TWITTER/RALIYAXSI/via REUTERS

He said, he said. KARE’s John Croman reports: “Mayor Jacob Frey has often said he made a call to Gov. Tim Walz the night of May 27, asking him to deploy the Minnesota National Guard to the streets of Minneapolis. That would’ve been a full 24 hours before the city evacuated the 3rd Precinct headquarters, allowing it to burn. Newly released text messages and emails confirm that part of the mayor’s story. … The mayor’s staff went as far as drafting a press release at 9:00 p.m. that same night, announcing that Frey was requesting the National Guard. That release was never sent.”

Red tape. KSTP’s Alex Jokich reports: “Owners of businesses that were destroyed during civil unrest in the Twin Cities are facing roadblocks in demolishing them. A state statute requires property taxes to be ‘fully paid’ before removing any structure. ‘It’s ridiculous to hold up demolition over that,’ said Minneapolis City Councilmember Andrew Johnson. ‘These are victims of civil unrest, and they’re just trying to rebuild their livelihoods and we should all be doing everything we can to support that.
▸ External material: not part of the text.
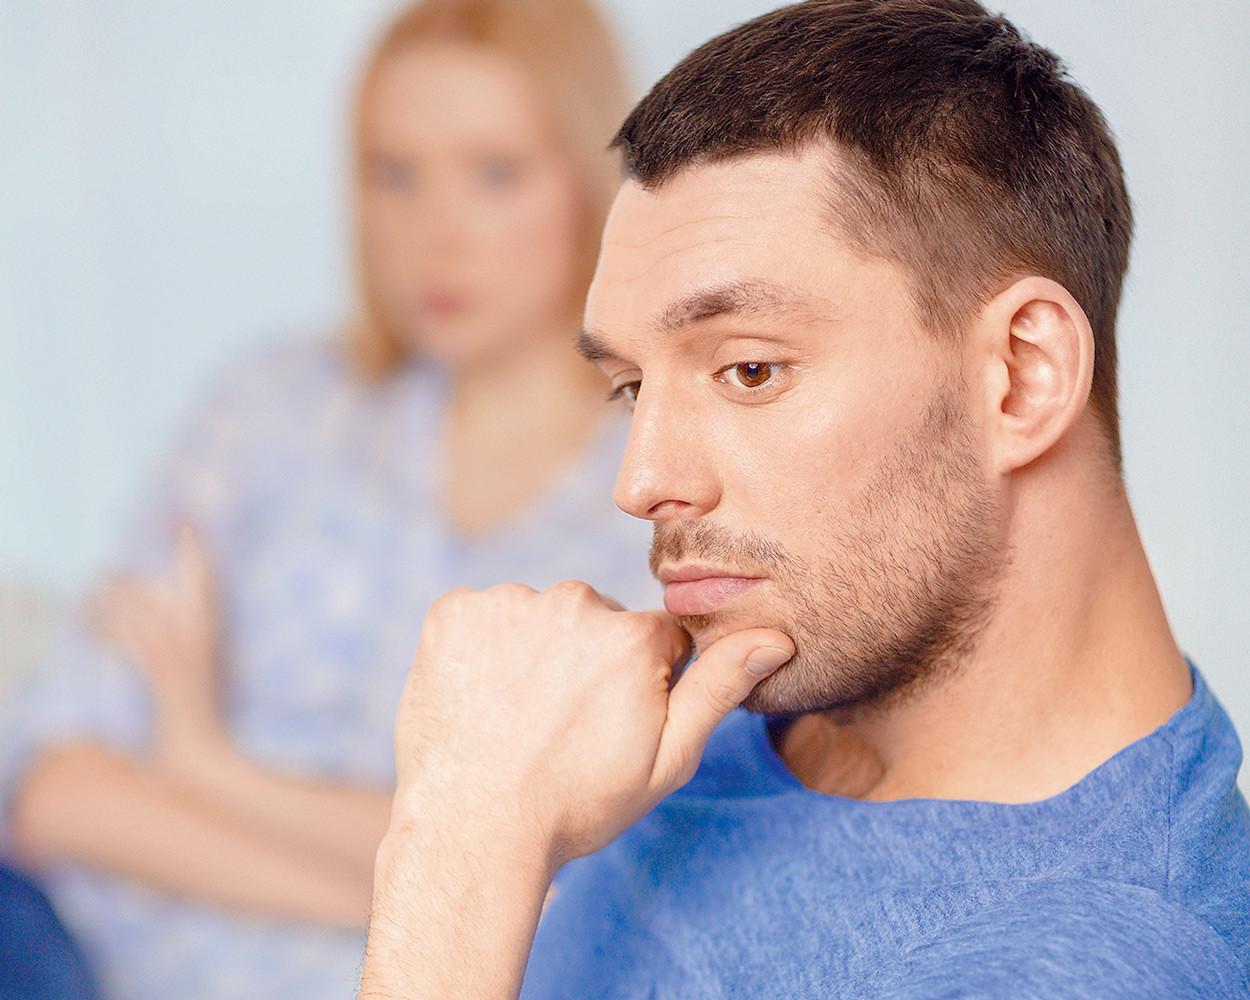 Бывшая жена мужа мешает жить: как решить проблему?

Unfortunately, state law gets in the way of that.’”

“For all that they do.” WCCO reports: “Emmer says it’s more important now than ever to show gratitude to law enforcement. ‘Everyone knows a law enforcement officer, and they come from all different backgrounds and beliefs,’ he said. ‘We just want to encourage people to recognize law enforcement officers for all that they do.’ Emmer’s initiative, #ThankACop, will highlight individual officers from across Minnesota on a weekly basis, showcasing their accomplishments and how they serve residents.”

Painful reopening. Sahan Journal’s Sheila Regan reports: “The reopening of Cup Foods on Monday represented a milestone marking the passage of time. Protesters gathered to declare that it was too early. The store’s management said it was just trying to meet community needs, and that the criticism was misplaced: The focus should be on ensuring those responsible for Floyd’s death are punished.”